The following rules are binding for every grader, scorer, and aggregator that conforms to gradingSpec/2.0.0.

  1. Both version strings MUST be present in every grading entry. Every grading entry (defined in 08-grading-model.md) MUST carry both scoringSystem and gradingSystem as top-level version fields.
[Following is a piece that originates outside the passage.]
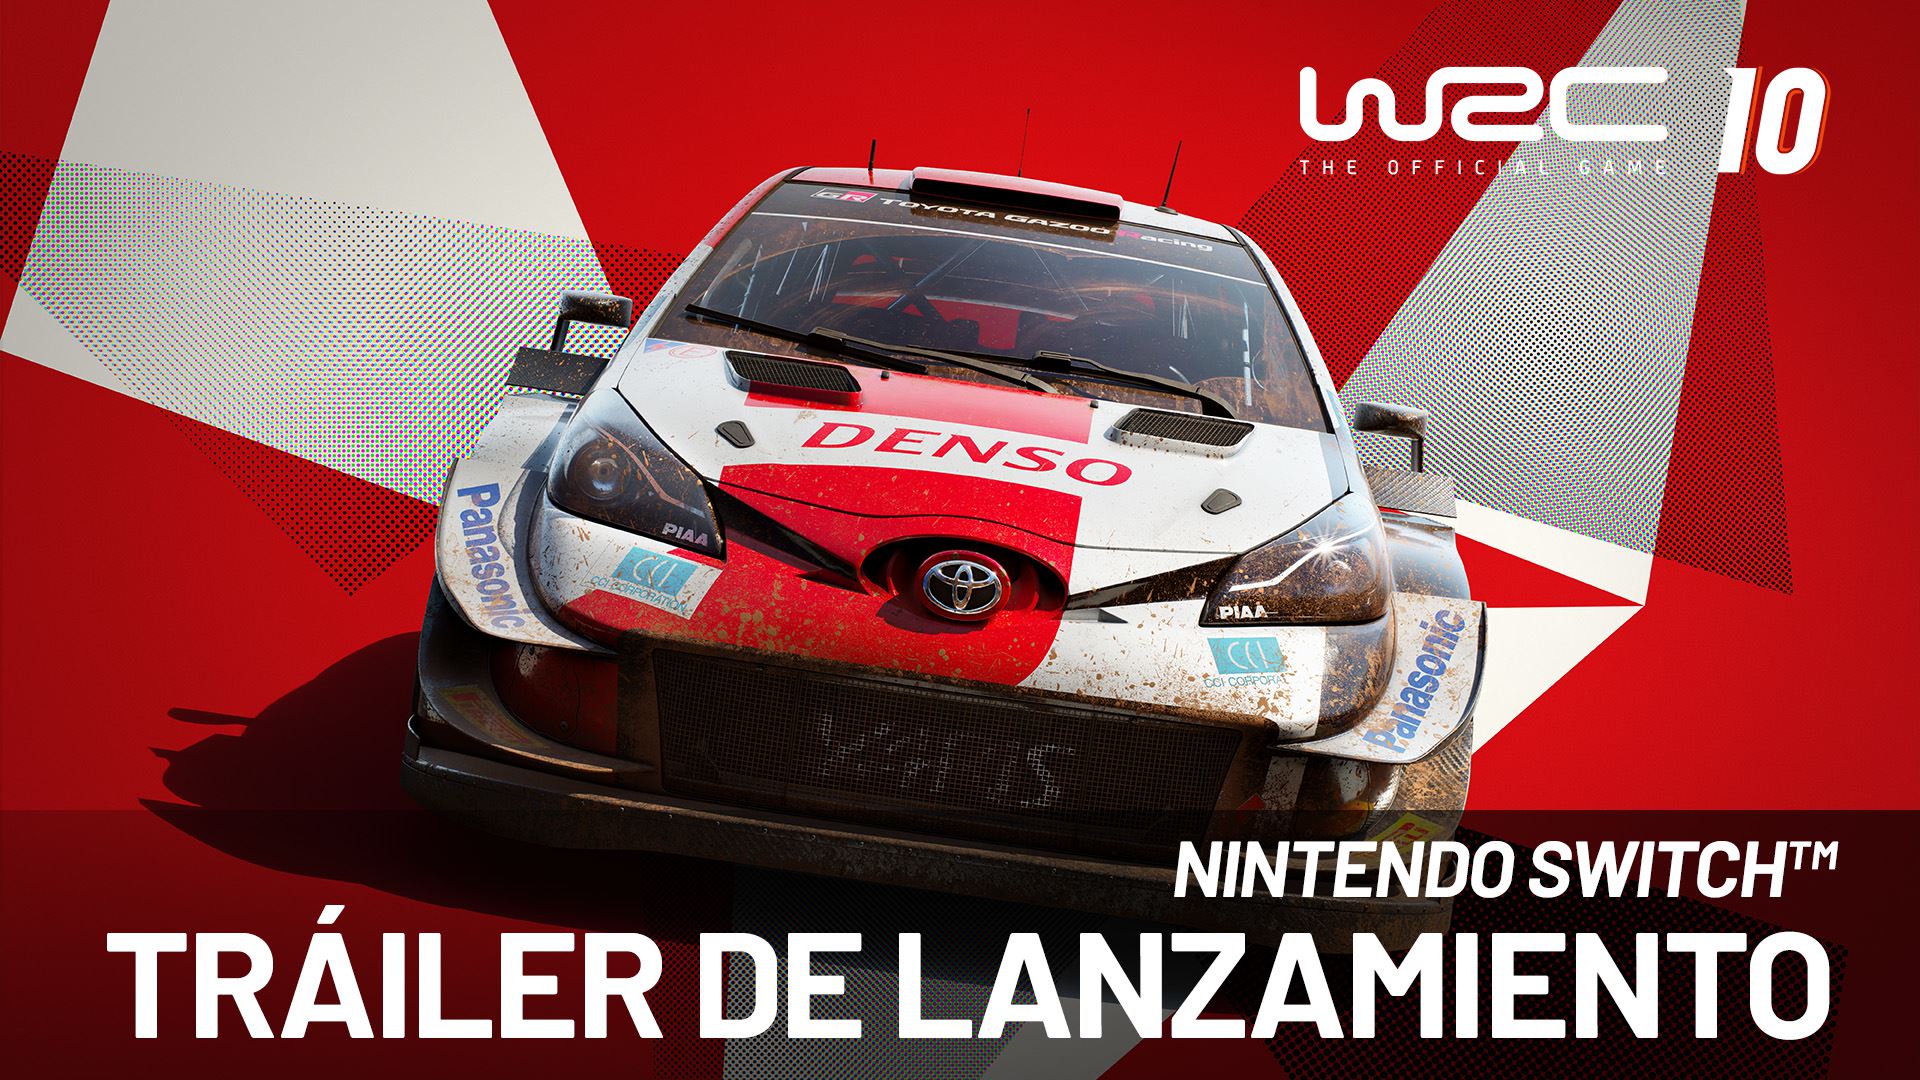 Lee más sobre el artículo WRC 10 ya disponible en Nintendo Switch

A grading entry that lacks either field is INVALID. The same two version strings are additionally surfaced in the index.json rollup (per namespace and per selection), so the version under which an aggregated node was last scored and graded is visible without opening each grading entry.
  2. Scoring-System bump and Grading-System bump are independent triggers. A change in the Scoring System triggers a re-scoring at the next re-grading run, but does NOT automatically bump the Grading System. A change in the Grading System triggers a re-grading but does NOT automatically bump the Scoring System. Implementers MUST NOT couple the two version namespaces.
  3. Example (HTTP-429 heuristic). Suppose the current versions are scoringSystem/1.0.0 and gradingSystem/1.0.0. A maintainer decides that HTTP 429 (“rate-limited, retry”) MUST be scored as a transient defect (not fail). The Scoring System advances to scoringSystem/1.1.0. The Grading System remains at gradingSystem/1.0.0 because the score-to-grade mapping is unchanged. New grading entries record scoringSystem/1.1.0 + gradingSystem/1.0.0; old entries remain at 1.0.0/1.0.0 until they are re-scored.

Score-to-Grade Thresholds (gradingSystem/1.0.0)

Section titled “Score-to-Grade Thresholds (gradingSystem/1.0.0)”

The aggregate grade is derived from the weighted mean of the per-answer scores. Each answer contributes a numeric value on the 1.05.0 scale: pass maps to 5.0, fail to 1.0, numeric scores as-is. n/a and stale answers are excluded from the mean (an all-excluded set yields no grade, i.e. a pending node). The mean is then banded:

Weighted meanGrade
≥ 4.5A
≥ 3.5B
≥ 2.5C
≥ 1.5D
< 1.5F

Tier trim. The banded grade is capped at the tier maximum: autonomousB, group-boundA. A score that would band to A on an autonomous-tier node is recorded as B (the pre-trim band is preserved as rawGrade). A Categorical Veto overrides the entire computation with REJECTED.

Changing any threshold, the tier-trim rule, or the numeric mapping bumps the gradingSystem version.


The Schemas-Spec v4.2.0 provides the upstream contract for scoring: the prompts.json / scores.json artefact pair is defined in 22-scoring-protocol.md of the Schemas-Spec (sister repository flowmcp-spec). The Scoring System named here sub-consumes that protocol: scores produced by the Schemas-Spec scoring protocol enter this spec’s Scoring System as inputs, and the dimensions enumerated in 08-grading-model.md, “Dimension Enum”, extend that protocol with the additional grading dimensions defined here.

This Grading-Spec does NOT re-define the prompts.json / scores.json contract. Implementers MUST treat the Schemas-Spec v4.2.0 22-scoring-protocol.md as the highest instance for the artefact pair; conflicting prose in this spec is to be read as a refinement, not as a replacement.